Ante dicho puesto fronterizo, custodiado por militares y protegido con bloques de hormigón, hacemos una parada en un puesto de té. Entre los pocos que van a cruzar hoy a Siria está Husein. De padres sirios, nació hace 50 años en Kuwait y tuvo que exiliarse en su país de origen familiar por la invasión iraquí de 1990, que provocó la Primera Guerra del Golfo. Luego recorrió el camino inverso cuando estalló la guerra civil.
80 kilómetros
separan a Amán, la capital jordana, del mayor campo de refugiados sirios. Se levantó en julio de 2012 y un año después albergaba a 120.000 personas. Hoy viven unas 80.000 en este espacio de cinco kilómetros cuadrados donde nacen cada semana unos cuarenta bebés.
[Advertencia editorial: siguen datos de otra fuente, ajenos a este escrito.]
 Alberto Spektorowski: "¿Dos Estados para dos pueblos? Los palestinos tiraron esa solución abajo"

«Estábamos muy bien en Kuwait, pero lo dejamos todo atrás, coches y casas, por la ocupación de Sadam Husein. Mi vida nunca volverá a ser normal», se lamenta tomando un té mientras las moscas revolotean alrededor. Asentado de nuevo en territorio kuwaití, viaja a Siria para visitar en Daraa a su madre, quien hace unos años volvió con su padre para que este pudiera morir en su tierra. «Ella es mayor y no corre peligro, pero a mi primo lo decapitó el ISIS en público para dar un escarmiento», relata los horrores que sufrió su pueblo cuando fue controlado por los islamistas radicales que querían imponer un califato. «La guerra ha terminado, pero la violencia sigue por las mafias», se queja.
- ¿Y la Policía?
- Esa es la peor mafia. Después de las tres de la tarde, ya no salgo de casa por seguridad.
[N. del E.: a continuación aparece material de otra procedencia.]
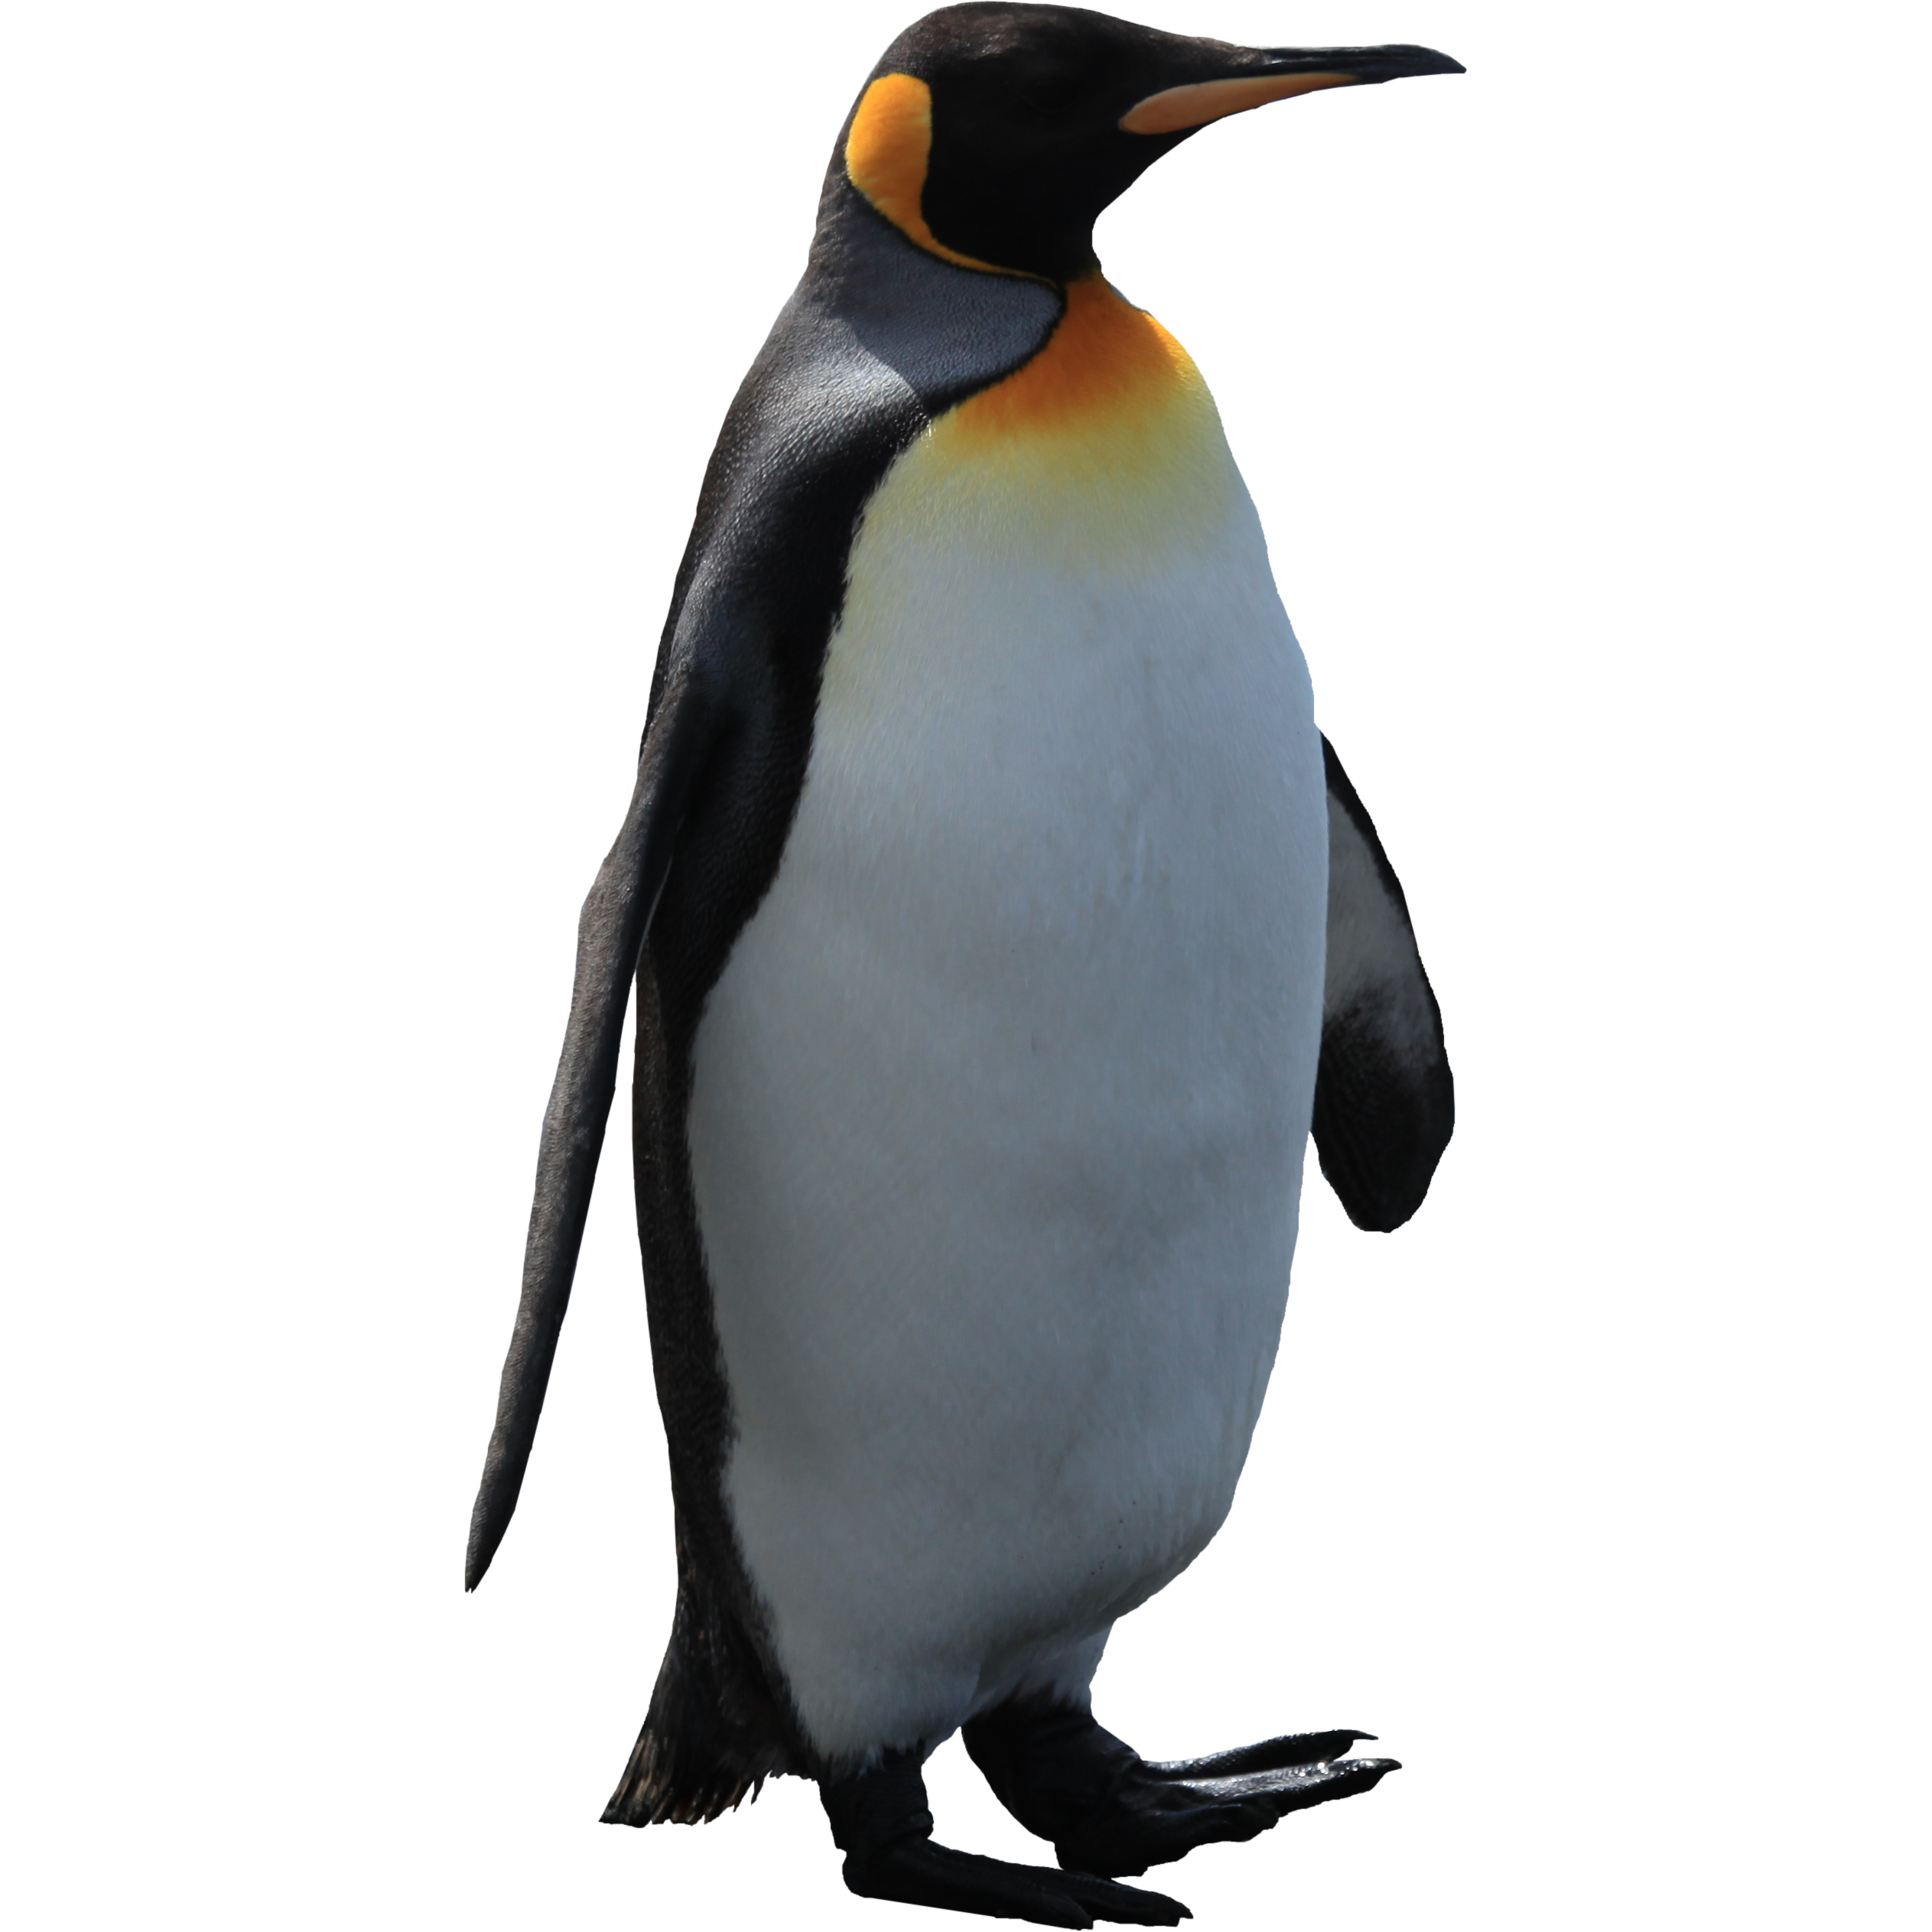 Pinguino imperatore

Tras despedirnos de él y desearle suerte, nos encaminamos a la cercana ciudad de Ramtha, que tiene otro puesto fronterizo con Siria pero ahora está cerrado. Como recordatorio de su sangrienta guerra civil, algunas tumbas de su cementerio con la bandera siria revelan que allí descansan 'mártires' que lucharon contra el régimen de Al Assad.
Igual de fuerte que el recelo con Siria e Irán es el cariño que, en cambio, se aprecia en Jordania por Sadam Husein, cuyo retrato decora tiendas junto al de los reyes Husein y Abdalá II. En pegatinas que lucen numerosos coches y móviles, su huraño rostro barbudo se ve por doquier. A pesar de las barbaridades cometidas por el difunto dictador iraquí, los jordanos todavía recuerdan que les vendía petróleo más barato que el precio del mercado, lo que impulsó la economía de esta zona también cercana a la frontera iraquí. Como un vestigio de ese dorado pasado, así lo atestiguan los numerosos camiones cisterna que, ya sin trabajo, acumulan polvo del desierto en los pueblos que atravesamos rumbo al oeste, camino del valle del Jordán.
Aquí se resume buena parte de los agravios históricos de Oriente Medio. Desde un búnker abandonado en una montaña del lado jordano, se divisa al fondo el lago Tiberíades, o mar de Galilea, otorgado a Tel Aviv en la partición de Palestina aprobada por la ONU en 1947. En su orilla nororiental se alzan los Altos del Golán, arrebatados por el ejército hebreo a Siria en la Guerra de los Seis Días (1967). Zigzagueante, el río Jordán marca la frontera con lo que los lugareños llaman territorios ocupados, no Israel. Al otro lado de la valla de seguridad, de la maleza a la sombra del Golán sobresale el alminar de una mezquita abandonada, herencia muerta de cuando esa zona pertenecía a los sirios.
Con la vigilancia reforzada desde que la guerra estalló en Gaza en octubre, hay controles del ejército cada cien metros en la carretera que discurre junto a la frontera en el pueblo de Shune Norte. Fusil en ristre, los soldados inspeccionan los documentos de los viajeros y, antes de que anochezca, apremian a los pastores que ordeñan sus ovejas frente a los Altos del Golán. A cambio de la paz, el Estado hebreo ha canalizado el río Jordán para regar las huertas de esta parte de Jordania, una de las más verdes y fértiles de este árido país tan necesitado de agua. Solo unos pocos metros, que además se pueden cruzar a pie porque el agua apenas llega aquí a la cintura, separan a estos dos países. Israel y Jordania, tan cerca y tan lejos.